- Nickname: Kunj Nagar
- Khujner Location in Madhya Pradesh, India Khujner Khujner (India)
- Coordinates: 23°47′N 76°36′E﻿ / ﻿23.78°N 76.6°E
- Country: India
- State: Madhya Pradesh
- District: Rajgarh
- Elevation: 531 m (1,742 ft)

Population (2001)
- • Total: 10,785

Languages
- • Official: Hindi
- Time zone: UTC+5:30 (IST)
- ISO 3166 code: IN-MP
- Vehicle registration: MP

= Khujner =

Khujner is a town and a nagar panchayat in Rajgarh district in the Indian state of Madhya Pradesh. Khujner also called Khatu of Malwa.
465687 is Pin Code of Khujner.

==Geography==
Khujner is located at . It has an average elevation of 531 metres (1,742 feet).

==Demographics==
Khujner is divided into 15 wards for which elections are held every five years.
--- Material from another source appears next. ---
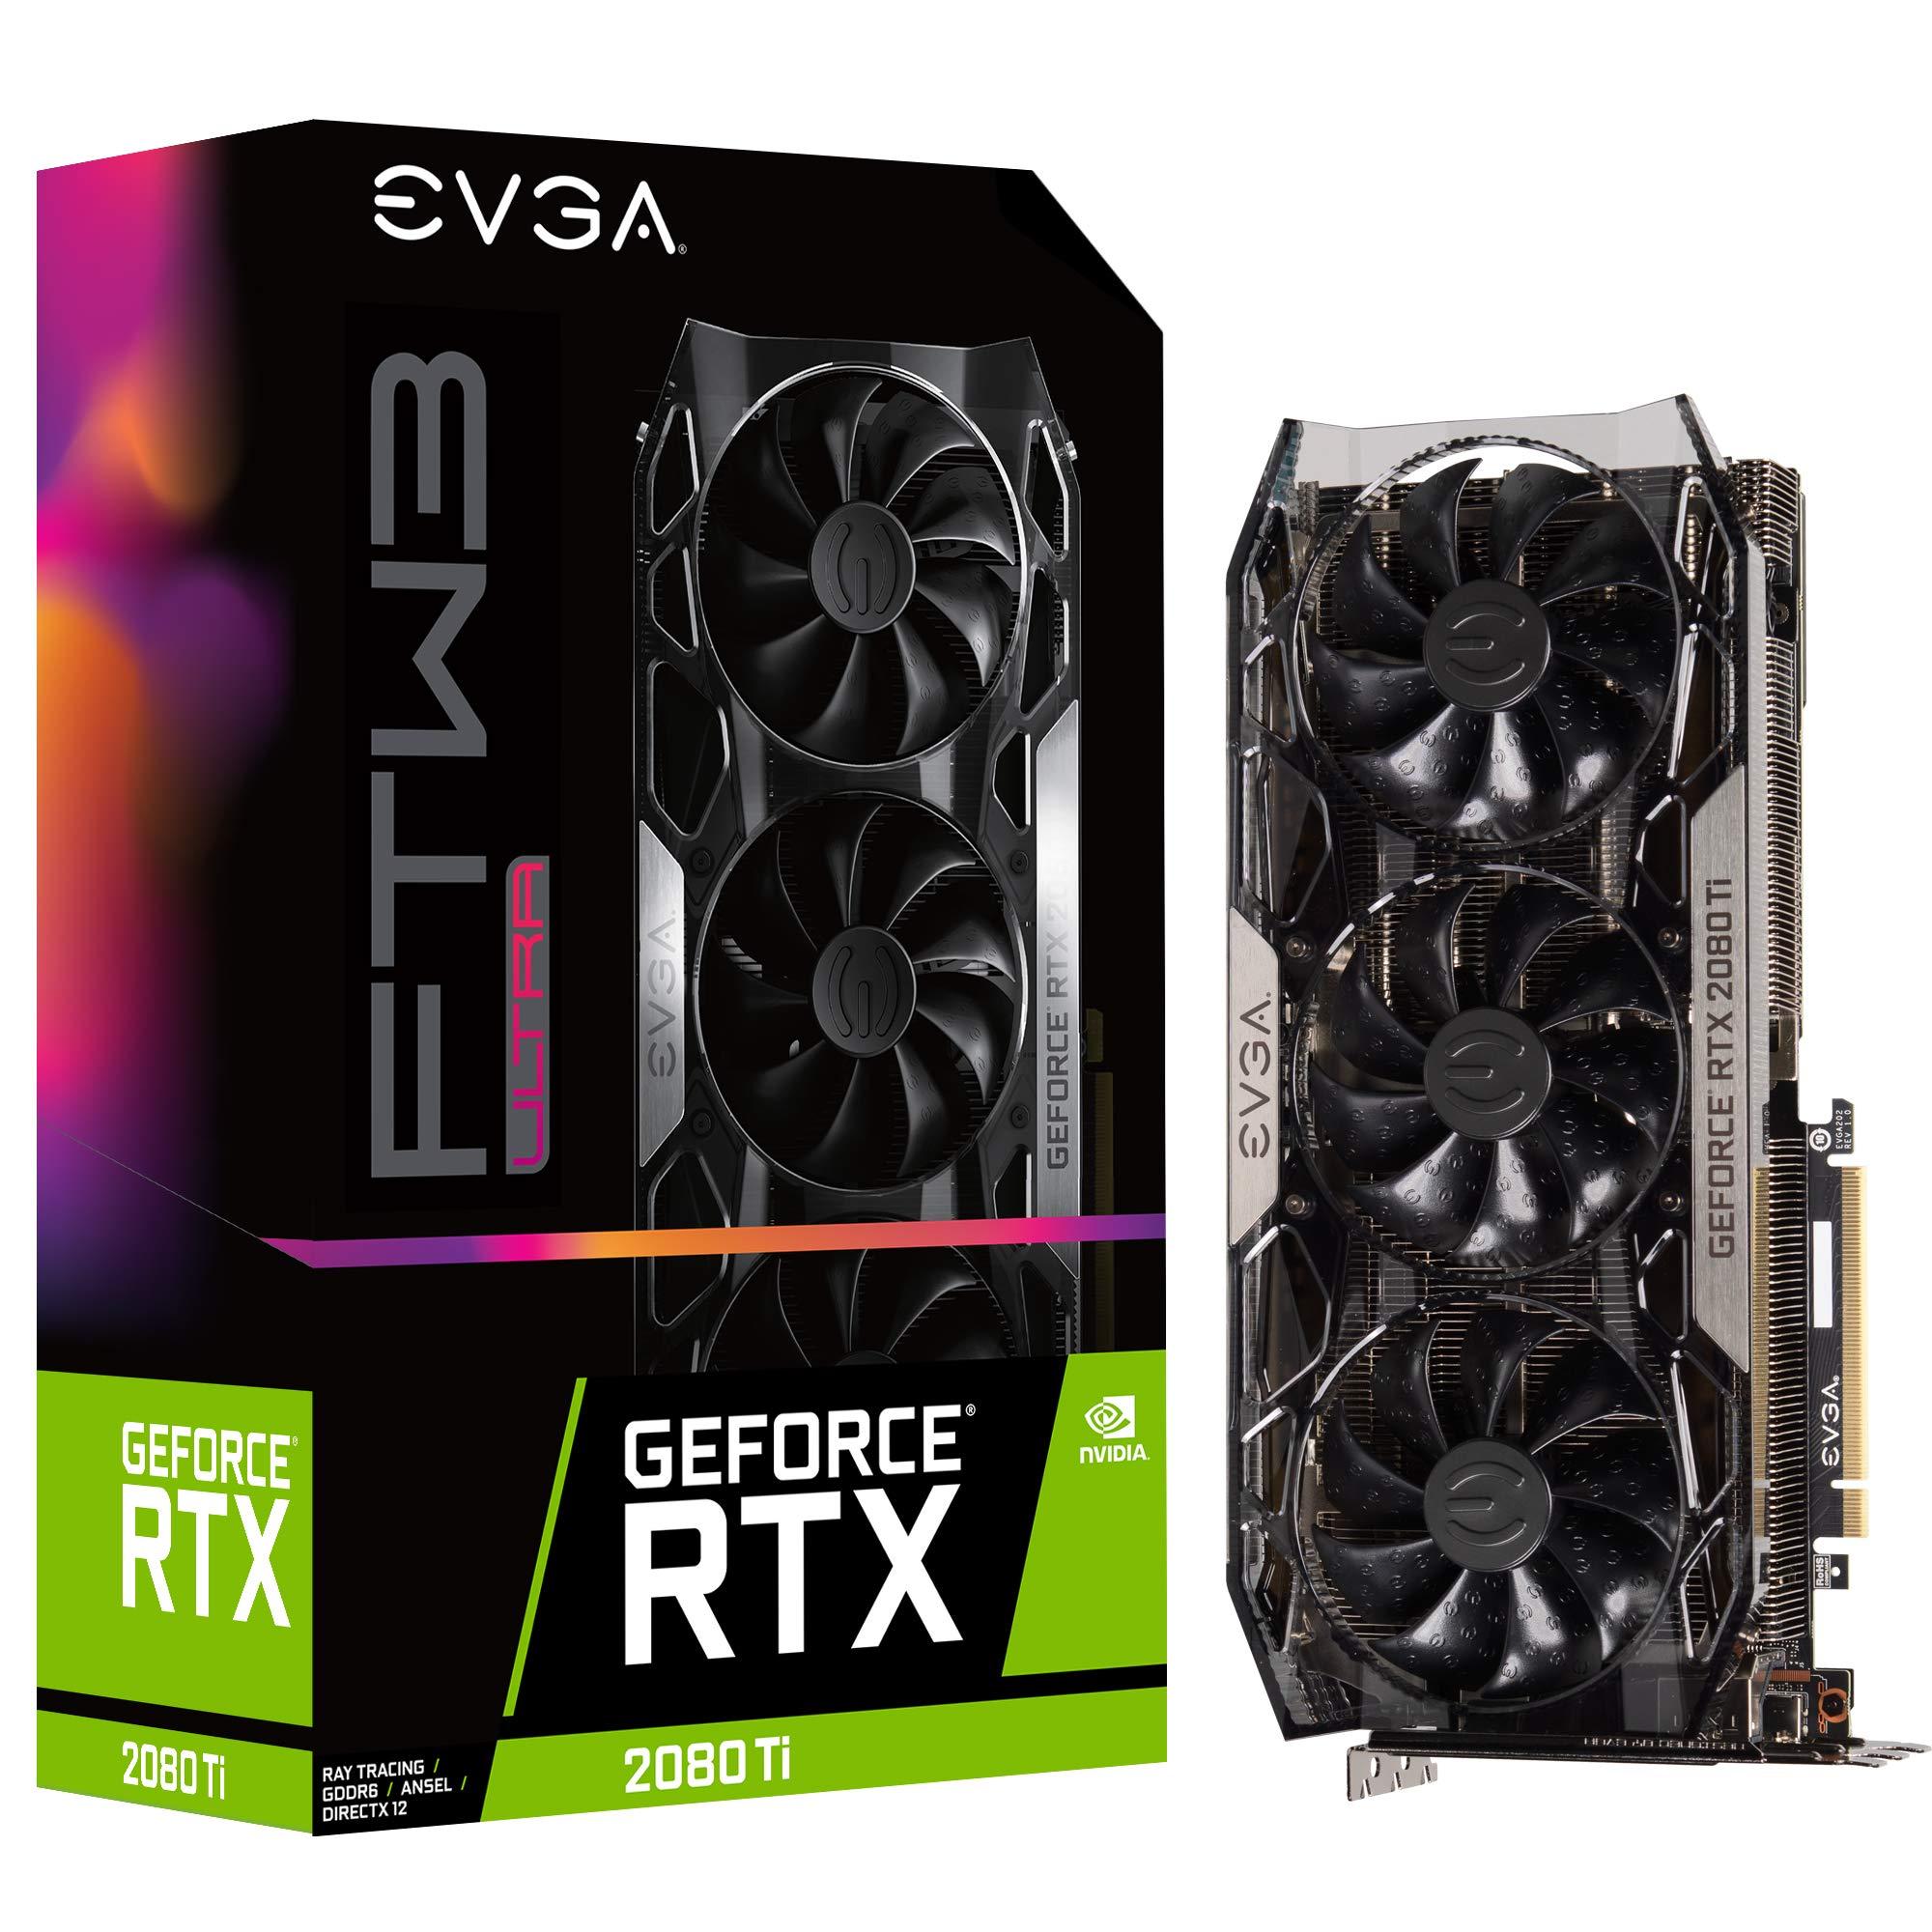 EVGA GeForce RTX 2080 Ti FTW3 Ultra Gaming, 11GB GDDR6, iCX2 & RGB LED Graphics Card 11G-P4-2487-KR by EVGA (Image #1)

As per the Population Census 2011, there are total 2,052 families residing in the Khujner. The total population is 10,785 out of which 5,432 are males and 5,353 are females thus the average sex ratio of Khujner is 985.
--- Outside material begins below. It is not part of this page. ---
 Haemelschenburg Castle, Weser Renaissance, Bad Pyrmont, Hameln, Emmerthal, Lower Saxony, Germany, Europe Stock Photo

The population of Children of age 0–6 years in Khujner is 1,603 which is 15% of the total population. There are 837 male children and 766 female children between the age 0–6 years. Thus as per the Census 2011 the child sex ratio of Khujner is 915 which is less than the average sex ratio (985).

As per the Census 2011, the literacy rate of Khujner is 76.3%. Khujner has higher literacy rate compared to 61.2% of Rajgarh district. The male literacy rate is 74% and the female literacy rate is 55.8%.

==Transport==
- The nearest railway station is Pachor Road railway station (15 km).
- The nearest airport is Indore Airport (160 km).
- Khujner is connected by road to Indore, Kota, Bhopal and Jhalawar by direct buses.